Triathlon diet and/or lifestyle there are those that are seeking the magic bullet and turning to sites and blogs, like mine, for answers. I get questions and comments on all of the social media platforms that I am on seeking advice. The problem with this advice seeking is that sometimes you can read the emotion and what they are really seeking is the one size fits all answer. Unfortunately that does not exist because we are all different and as a matter of fact each day for each individual is going to be different.
Let me provide you with an example. That example would be me and here is how the last week of my triathlon, diet and lifestyle unfolded.
- Monday: Tired from the weekend of training I pushed my run to the evening to go with Karen. The moment we started running I could feel my legs weight 1,000 pounds each. That morning I had a 3 egg omelette with mushrooms for breakfast, toast with salsa verde and poached eggs for lunch and post run I had chocolate waffles with banana and almond ice cream. I pushed my carbs to the evening because that is when I was going to be running.

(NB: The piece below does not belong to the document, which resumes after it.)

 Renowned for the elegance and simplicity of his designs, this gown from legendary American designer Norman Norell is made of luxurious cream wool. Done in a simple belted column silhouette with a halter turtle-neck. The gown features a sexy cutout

- Tuesday: Decided to not workout in the morning as I was tired and would do a recovery spin and some strength/core at lunch. The ride and lifting went well and I felt good throughout the workout. So good that I asked a Facebook group I belong to if anybody wanted to swim and run on Wednesday morning. That day I ate for breakfast: toast with almonds, raisins, banana and honey. Lunch consisted of an Asian slaw salad and dinner was a falafel waffle with a greek salad. All was going well to date.

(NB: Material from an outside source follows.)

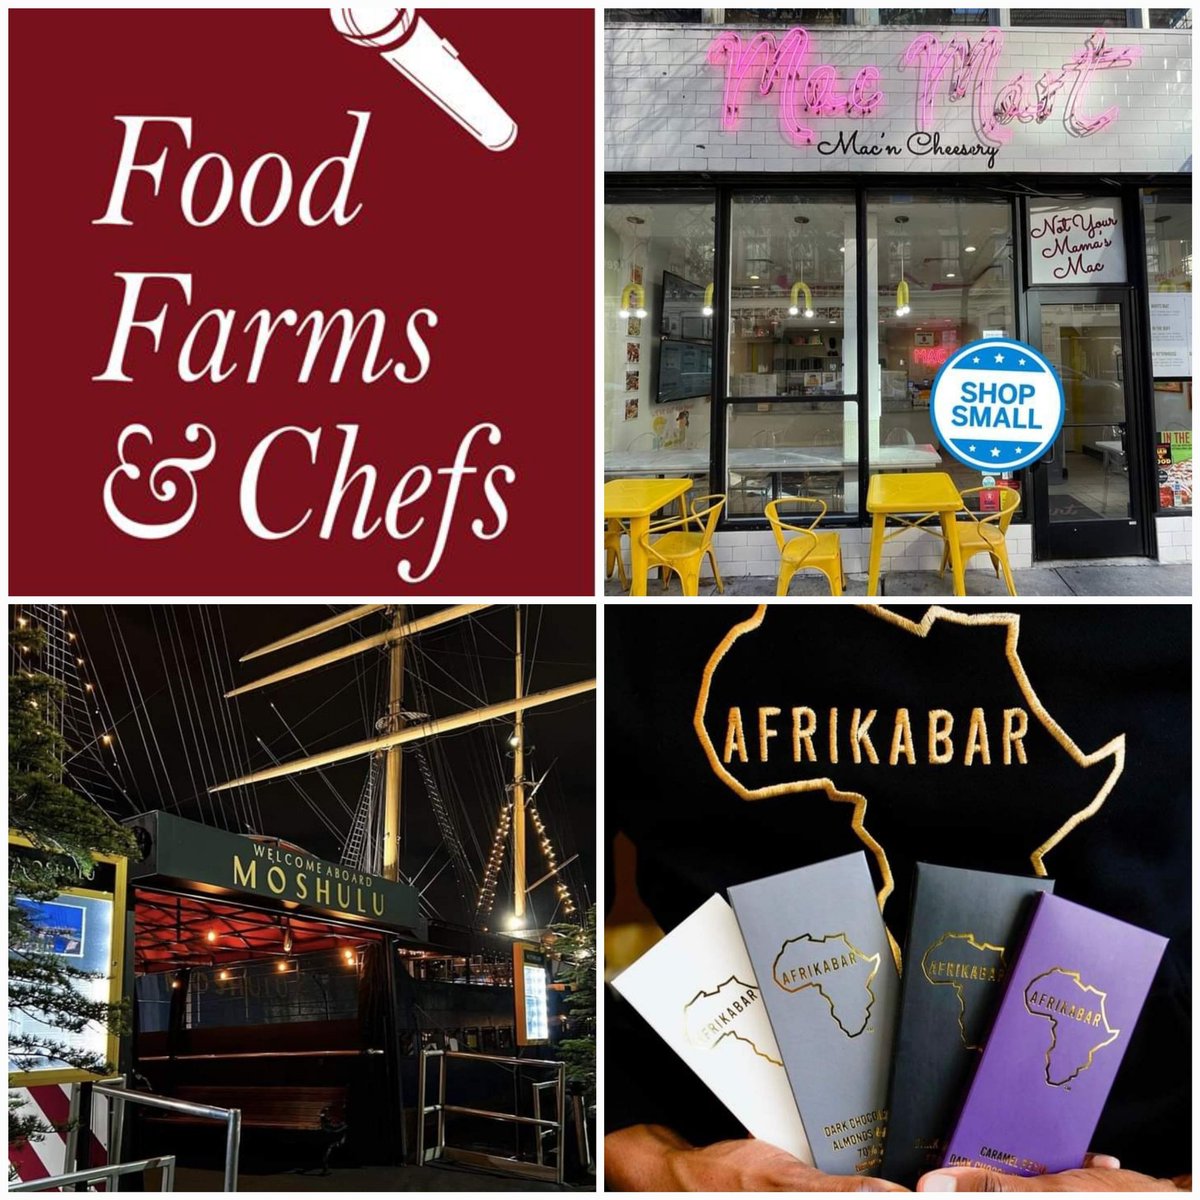 On this weeks @FoodFarmsnChefs, we spoke with @TheMacMart which focuses on everyone's favorite side dish, the #Moshulu on Delaware Avenue, and #AfrikaBar created for your tasting pleasure! Listen today at 6pm on WWDB & WPEN or stream us online at anytime!

- Wednesday: Nervous about the feeling in my legs I was contemplating skipping the run. I jumped in the water and swam 1.2 miles in 44 minutes. It was slow and sluggish but felt good enough to run. I put in 6.3 miles at a pace of 9:30/mi. Just about right and my legs didn’t hurt too bad. I ate a well-balanced diet that day that was based on carbs early in the morning to take care of my workouts.
- Thursday: Wanted this to be a recovery day so I planned on riding for an hour and running for 15 minutes off the bike. I felt better than I thought and put in a 20 mph bike ride and then ran an 8:21/mi pace off the bike. Where did this speed come from? I was on top of the world that in the afternoon I went and did 40 minutes of core/strength. Look out world. I also started tracking my meals via My Fitness Pal again and that really helped. That day I had my carbs in the morning to again help in the recovery from the workout as well as burning off those carbs throughout the day.
- Friday(today): I woke up with muscle soreness in my back. The reason was that this was the first time I had done a focused core/strength workout since prior to Ironman Texas……a long time! The always scheduled 6:30am OWS was happening and I had decided I would run 6 miles out of the water with Drum. As I drove to the lake I could feel my back and I thought that I would wait until I got out of the water to decide on the run. Jumped in the lake and lo and behold I was (my version of) Michael Phelps. That 44 minutes swim was now finished in 39:10. A 5 minute improvement which is otherworldly in my book. I decided not to run because tomorrow I am riding for 5 hours and on Sunday running for two hours. My breakfast this morning was French Toast and my plan for the rest of the day is to focus on protein and less on carbs.
If the people who asked me what I eat, how, why, or when were to follow this routine they may either find it too easy or too hard and the reason is that they are at a different spot in their endurance lifestyle than I. More than that though they have different stresses in their life that can also affect their decisions on what to eat and how to get their triathlon and diet lifestyle to coincide.
So when I get these types of questions I do my best to provide a response that includes some sort of disclaimer that this is how I do it or that I am not a registered dietian or a sports nutritionist. That the answers I am providing are from my own research as well as trial and error. Yes, there are certain ‘rules of thumb’ when it comes to eating for the endurance lifestyle but how one person’s body reacts to a specific diet is not indicative of how another’s will react. The way I provide examples for this triathlon diet lifestyle is as follows:
How The Triathlon Diet Lifestyle Can Be Interpreted In ‘Real’ Life:
- My results are not indicative of the results that you will have. Similar to past performance does not predict future performance in the stock market.
- There are guidelines that apply to everybody but not everybody will do it the same way. This is similar to a golf stroke. There are certain mechanics but look at Jim Furyk and Tiger Woods and try to tell me that one is right and one is wrong and I will tell you both have won Major championships.
As you can see there is no one size fits all when it comes to training or nutrition for endurance sports especially an Ironman. I don’t eat solids in an Ironman race but you may need to or have to. I don’t eat meat, but that may be something that you enjoy. I choose not to race 5Ks and would rather train for and race for a 140.6 mile race. Neither is right or wrong or better than the other except in that this is what works for me. Figure out what you like and enjoy and instead of keeping up with the Joneses set the path for yourself.
Triathlon Diet Lifestyle Guidelines That I Believe Apply To All:
- Cut out processed foods and eat real foods as much as possible.
- Surround your workouts with carb based meals.
- Listen to your body and if it needs to rest then rest and don’t push it.
- Recovering from your workouts is just as important as your workouts so get the proper nutrition into your system post workout.